Tuesday, May 23, 2006

leonard cohen next door

Dedicados aos amigos de Toronto




LENARD COHEN NEXT DOOR




Dedicados aos amigos de Toronto


Discutia com amigos outro dia aquela frase de Tom Jobim que é sempre invocada quando, de tempos em tempos, da vontade de abandonar essa tenstativa frustrada de pais. - "Morar no Brasil é uma droga, mas é bom. Morar no exterior (NY no caso dele) é bom, mas é uma droga, "". O Zéduardo argumentou que todos os amigos dele, endinheirados ou não, que partiram desse prum melhor, não se adaptaram e voltaram com as orelhas pra baixo.

Acredito. Somos solares, mais corteses do que a média mundial, dados a improvisação, dependente dos amigos, odiamos o anonimato e o tratamento impessoal. Somos o que o cidadão médio do primeiro mundo não é. Há exceções. Penso nos meus amigos Alex, Adri e Claudia morando bem em Toronto, mas tendo de cavar a neve para sair de casa. Enquanto vivemos dias de emoção aqui - quem precisa ir ao cinema quando temos o Jornal Nacional? - eles lêem no Toronto Star que a cidade esta sendo aterrorizada por uma gang de mascarados Racoons (guaxinins?) no cio que jogam nozes nas pessoas do alto das maple trees.


Mas quando soube que sábado passado meu herói romântico (e deles) Leonard Cohen estava autografando seu novo livro de poesias na livraria da esquina onde, coincidência ou não, comprei o antológico Beutifull Losers do próprio quando passei alguns dias na casa do Alex em 01, me deu vontade de cavar toda neve de Halifax a Vancouver.

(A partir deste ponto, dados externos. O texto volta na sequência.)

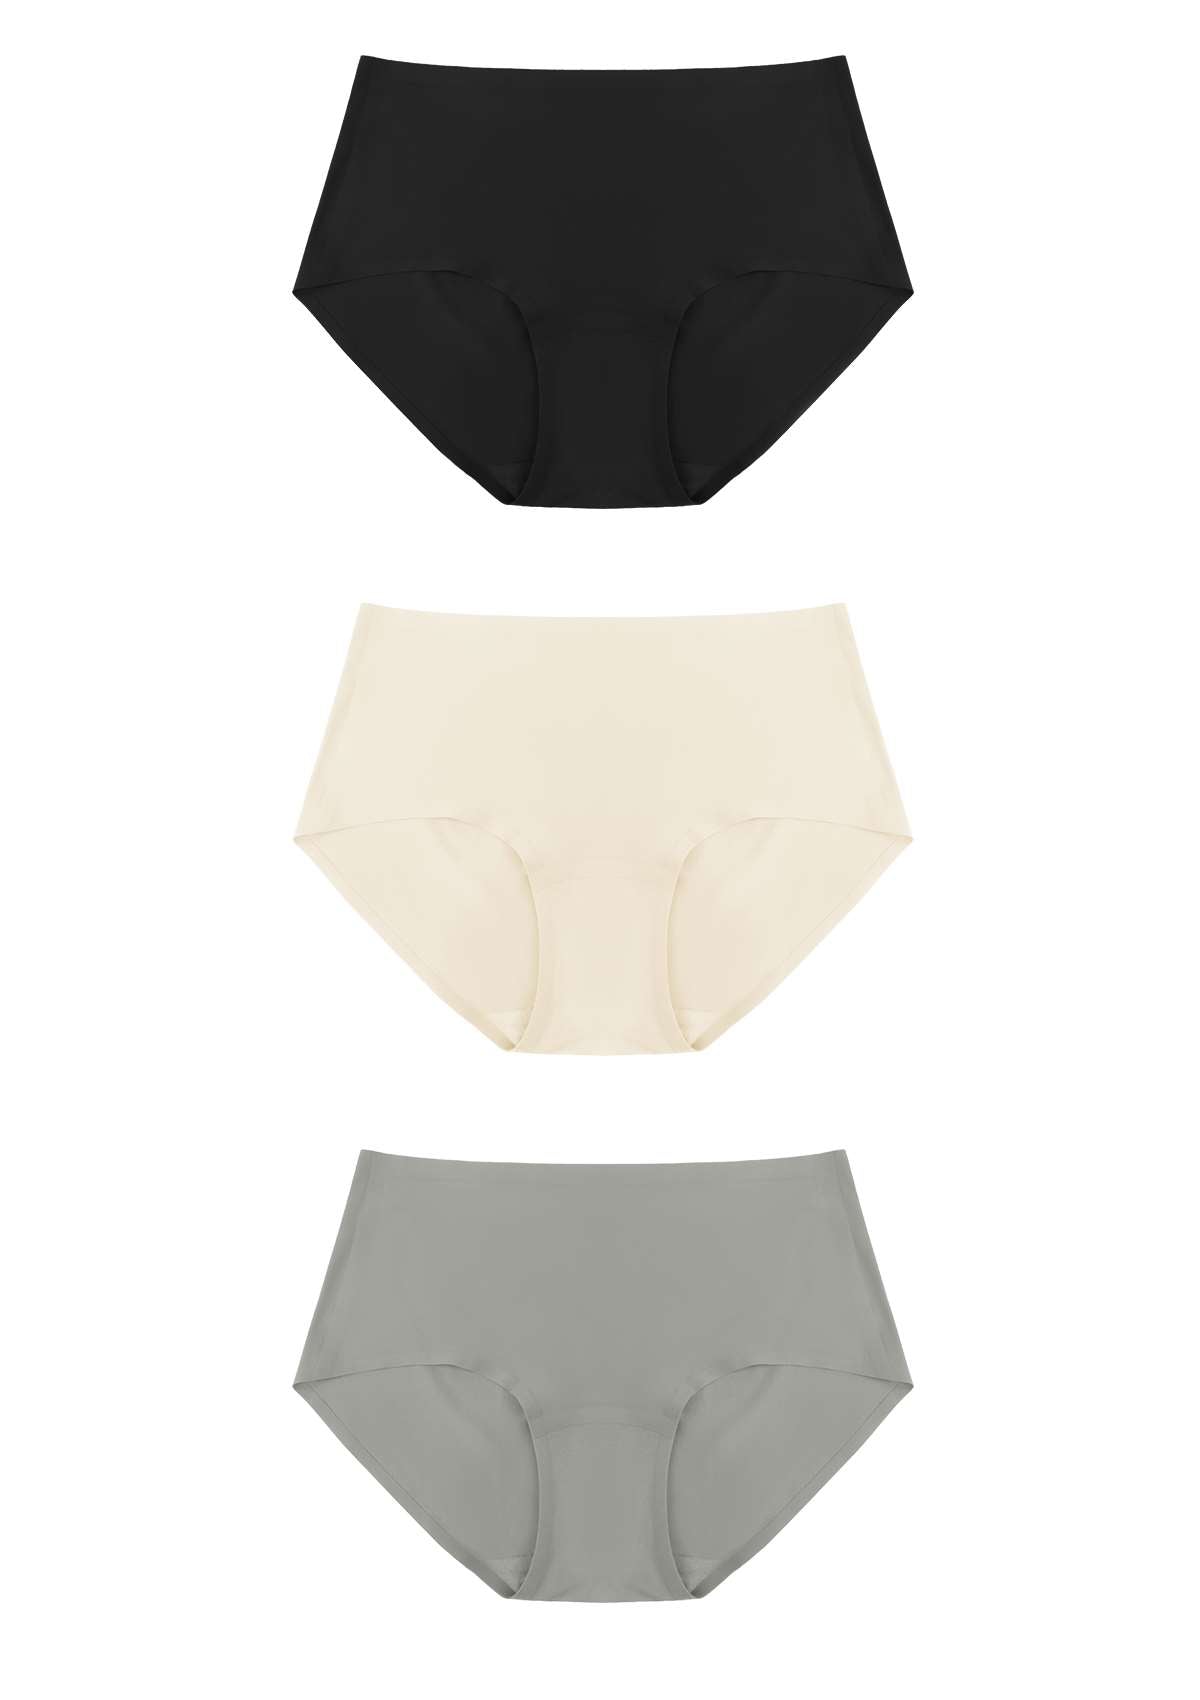 HSIA FlexiFit Soft Stretch Seamless Brief Underwear Bundle - 3 Packs/$15 / XS-L / Black+Peach Beige+Gray

Cohen escrevi em outro debyte, è meu Bob Dylan favorito, assim como os Kinks são meus Rolling Stones de cabeceira e os Pixies meus Talking Heads de estimação. É autor do meu verso amuleto, fundamental pra se viver em CWB que, segundo o Cescatto tem mais Vodu por m2 do que o Haiti e os pântanos da Louisiana juntos:

¨You can stick your little pins in that voodoo doll, very sorry Babe, doesn’t look like me at all¨...

É mais conhecido por aqui, se é que é como cantor americano follk. Na verdade é um poeta e escritor que canta. E canadense, assim como outros americanos famosos, entre os que me ocorrem agora, os superpianistas Gould e Peterson, o comediante Akroyd, produto da importante cena stand up Torontina que abasteceu por anos o Saturday Night Live de talentos, as cantoras Vega e Mitchell e a mais recente Peiroux, alem dos ótimos compositores Sexsmith e Wainright. Mesmo o american treasury Neil Young, é de Ontário.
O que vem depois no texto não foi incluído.